**** RECORDED INFORMATION ****

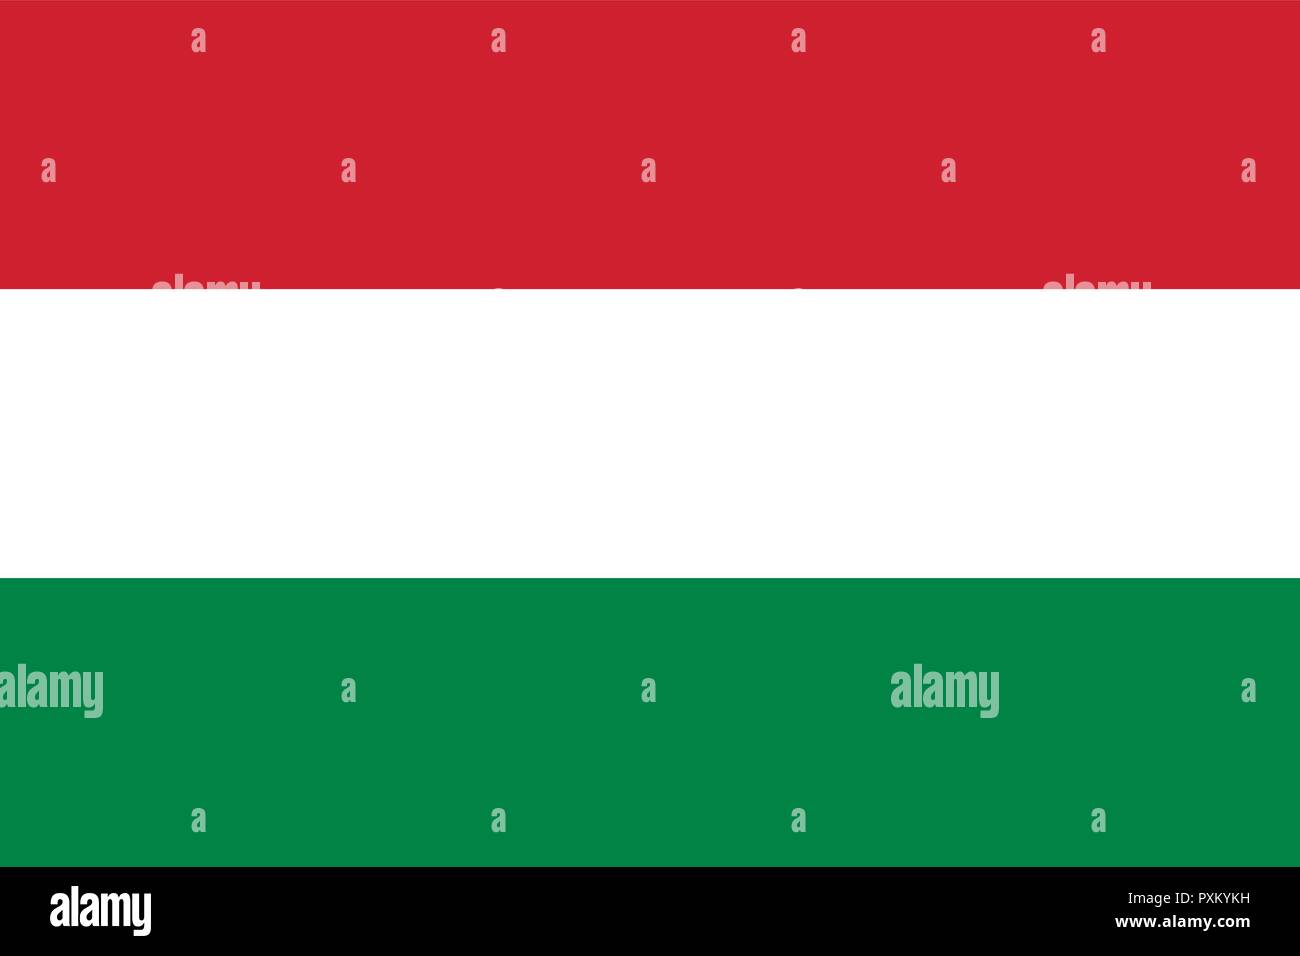 Vector image for Hungary flag. Based on the official and exact Hungarian flag dimensions (3:2) & colors (186C, White and 348C) Stock Vector
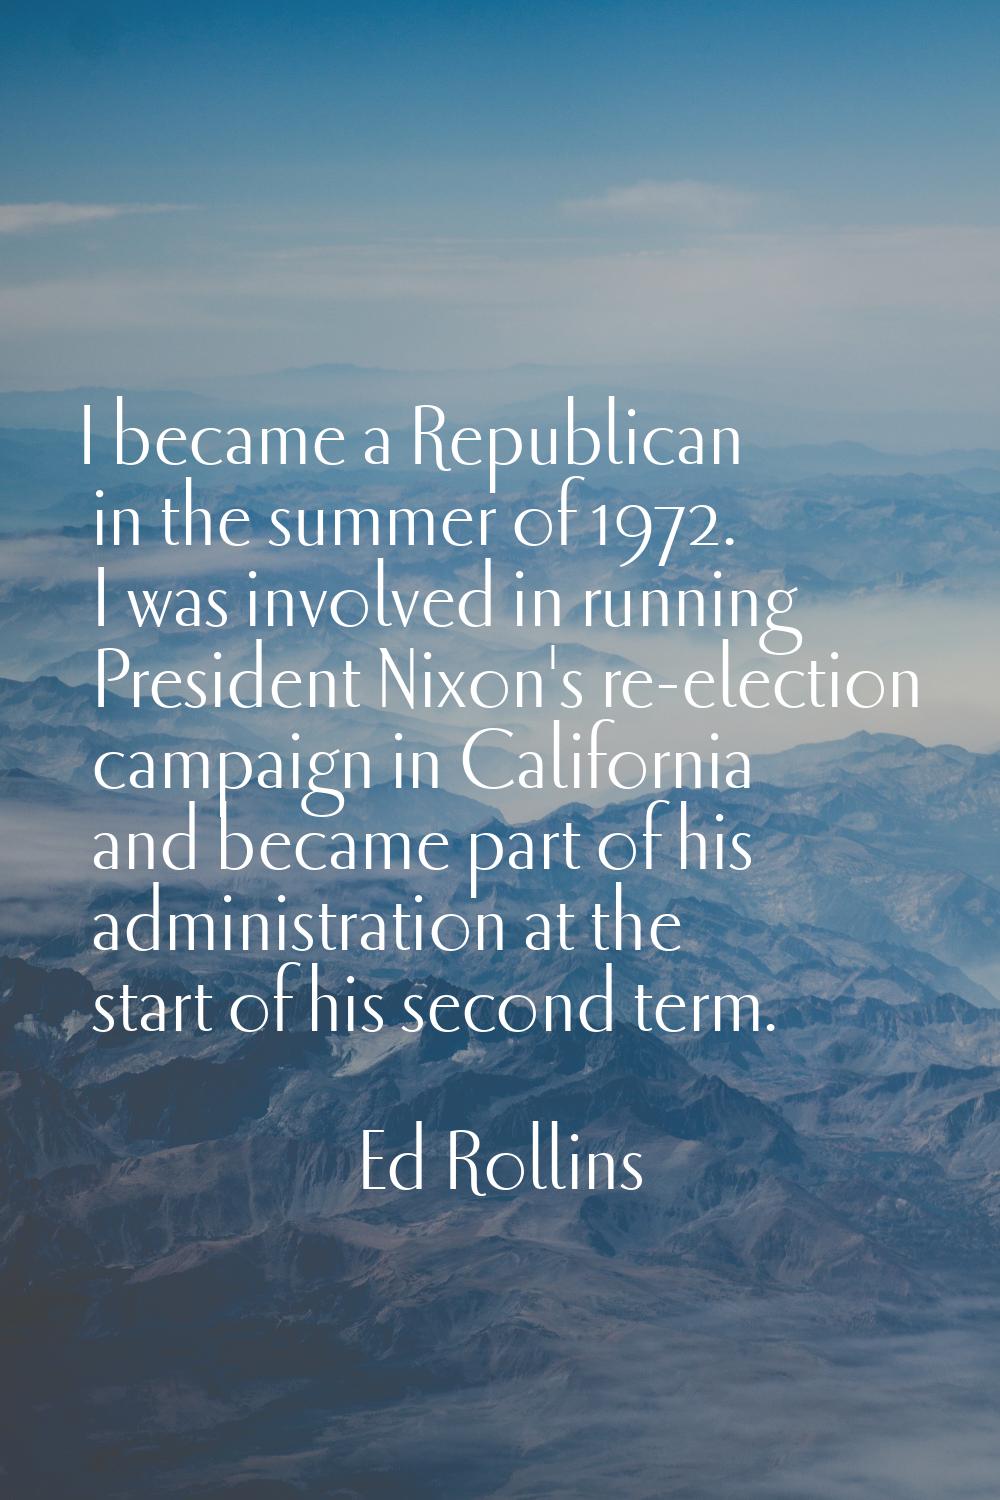 I became a Republican in the summer of 1972. I was involved in running President Nixon's re-electio
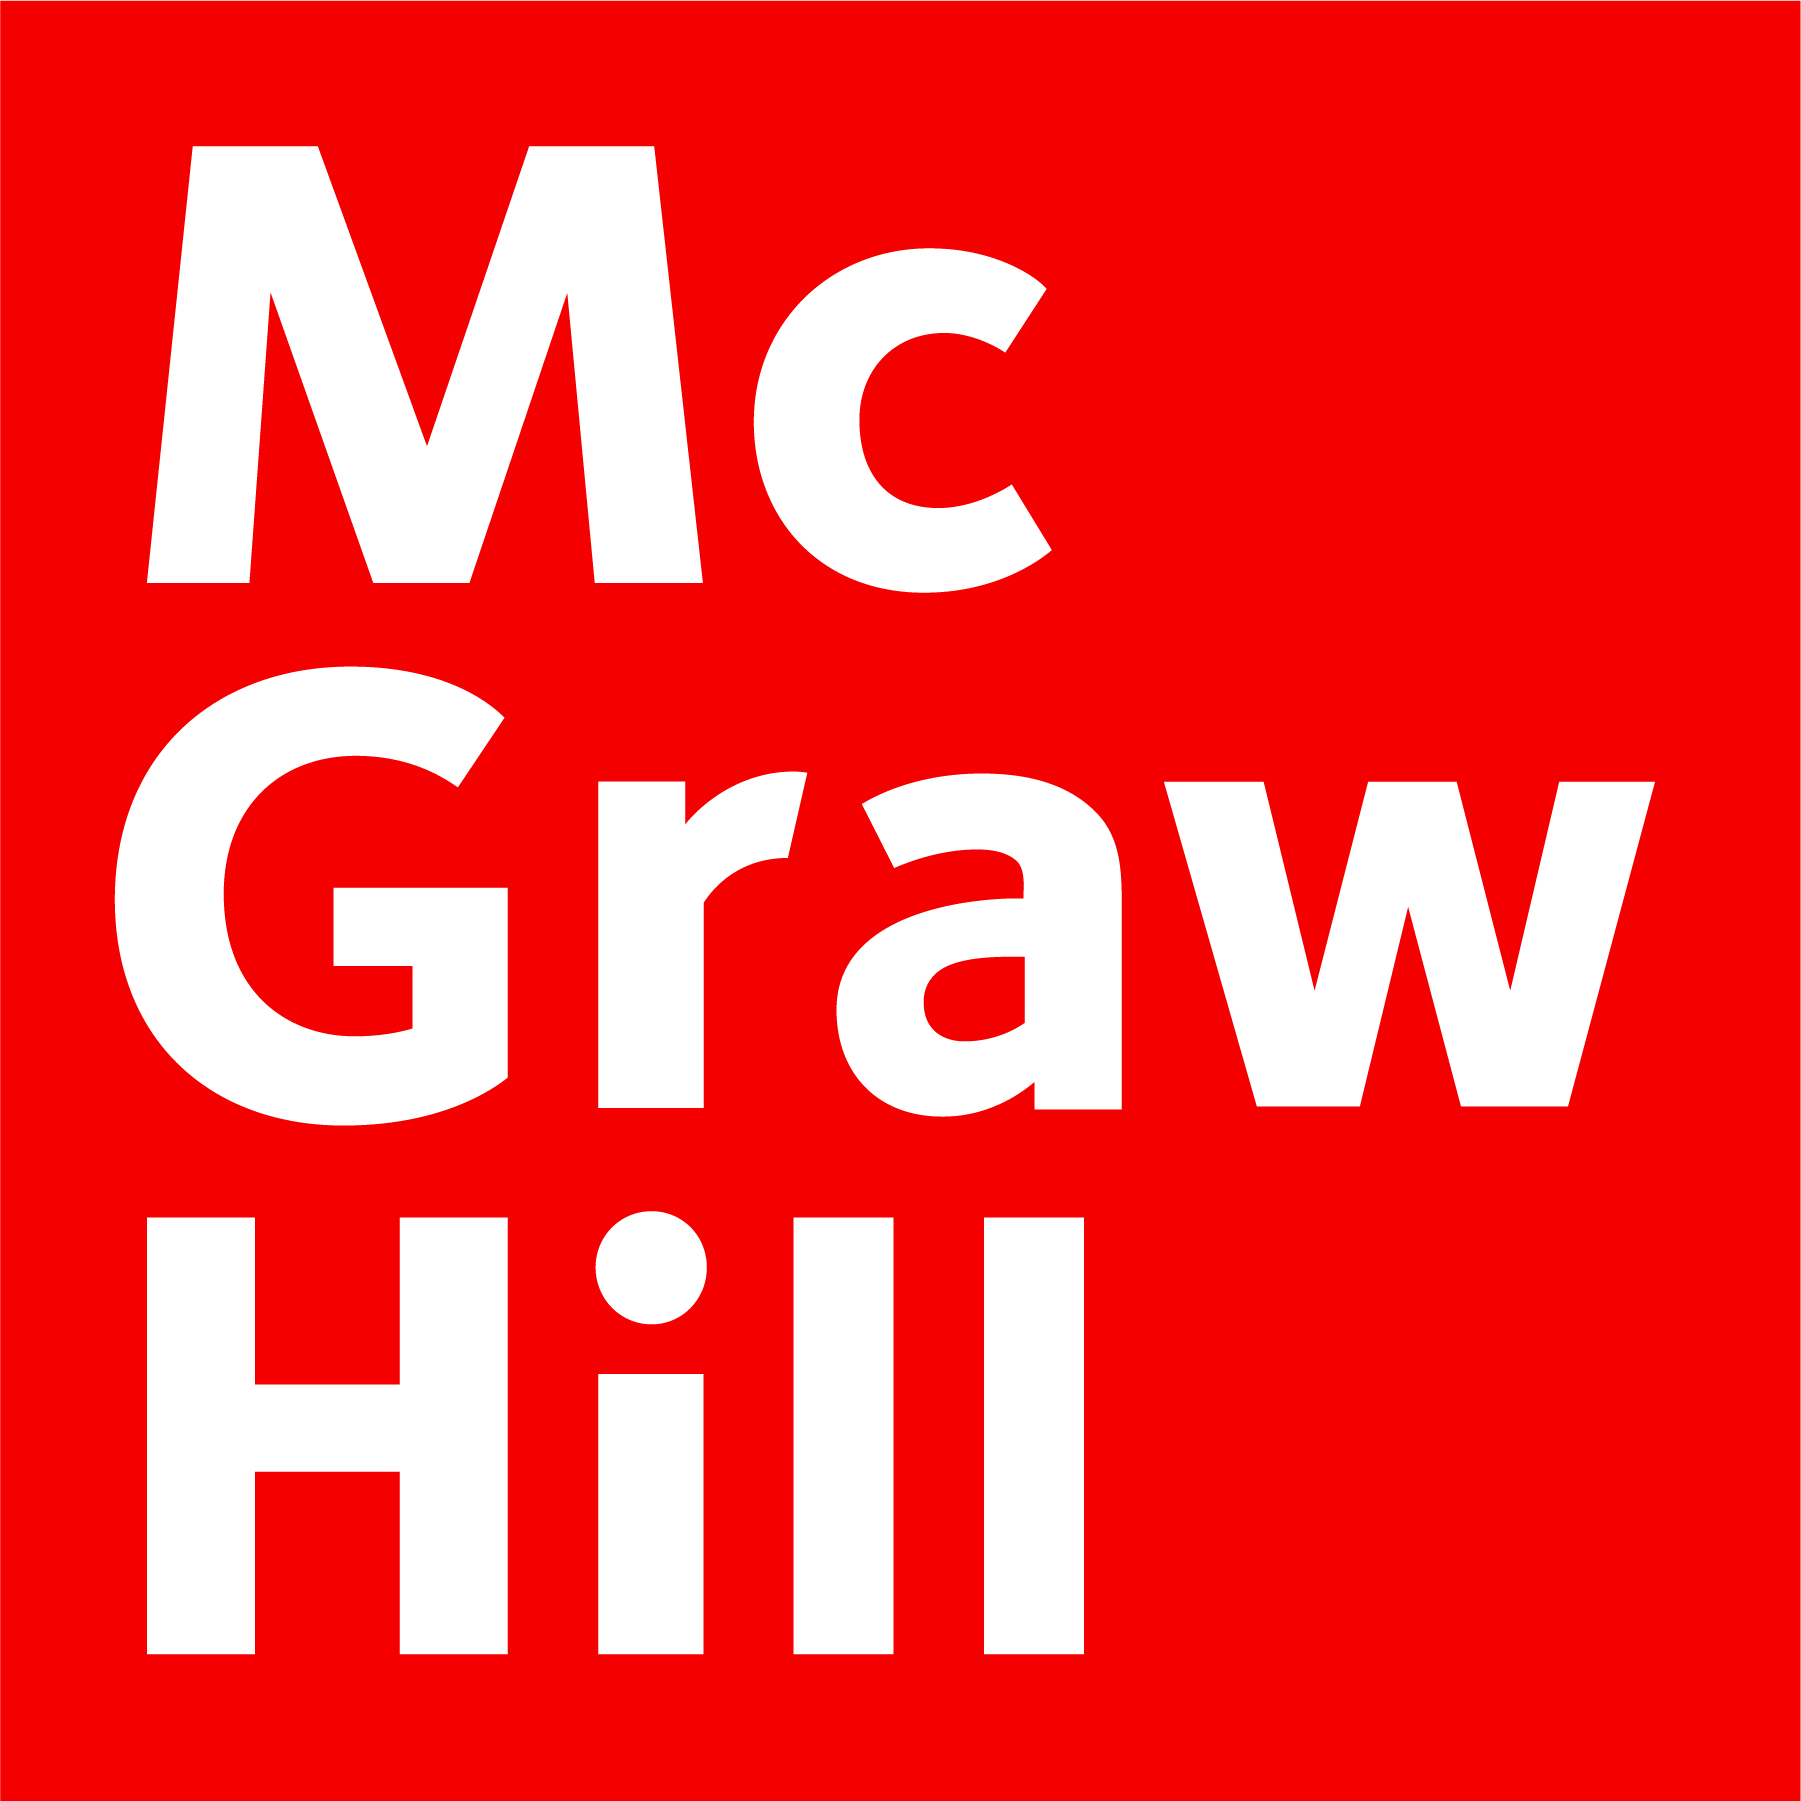 McGraw Hill Higher Education
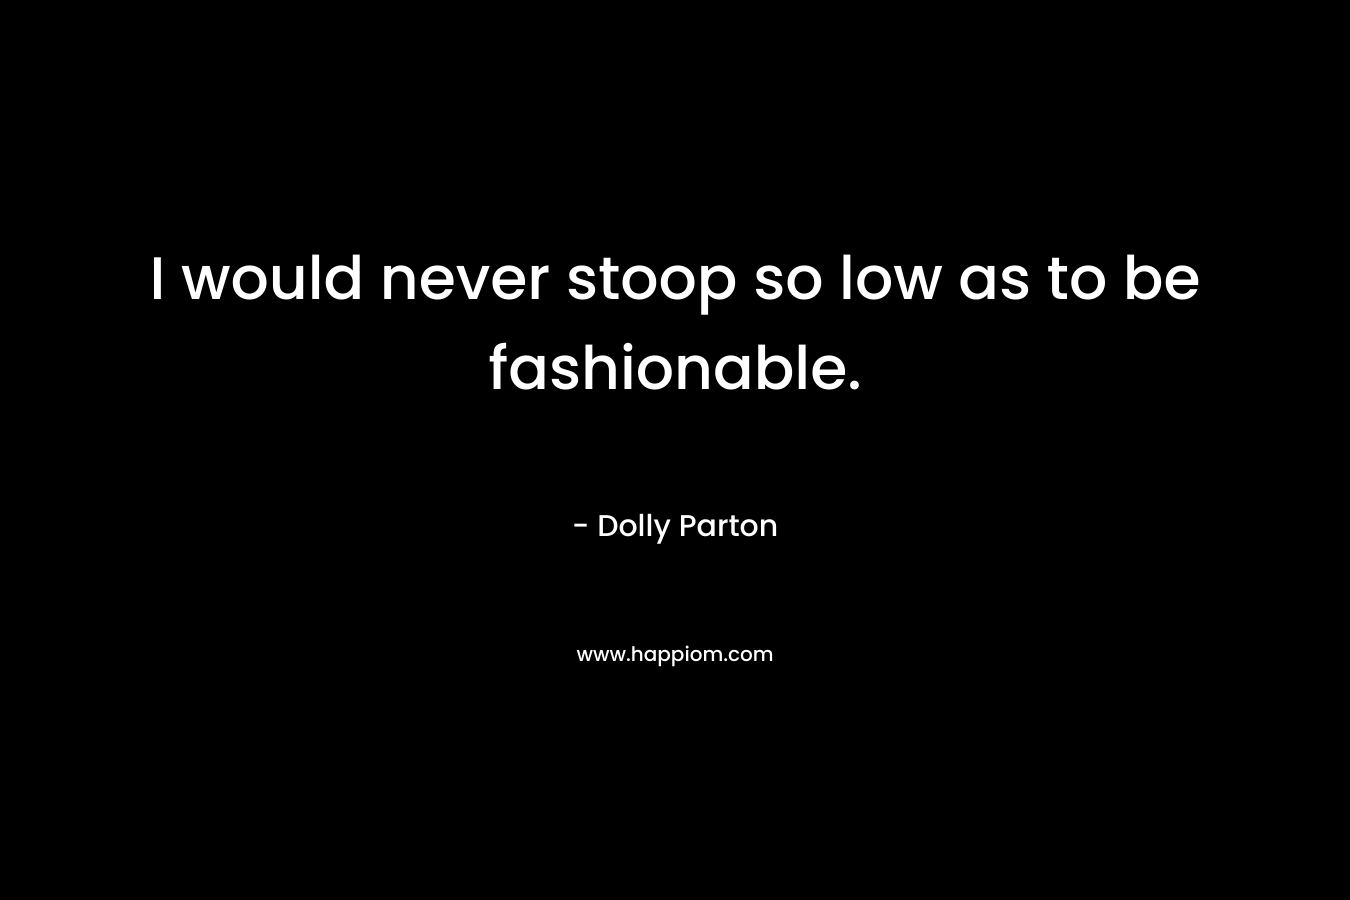 I would never stoop so low as to be fashionable. – Dolly Parton

****

Once the pictures are set aside, give every line above again without alteration.

EXERCISE RESPONSE
 Vector image for Hungary flag. Based on the official and exact Hungarian flag dimensions (3:2) & colors (186C, White and 348C) Stock Vector
 I became a Republican in the summer of 1972. I was involved in running President Nixon's re-electio
 McGraw Hill Higher Education
 I would never stoop so low as to be fashionable. – Dolly Parton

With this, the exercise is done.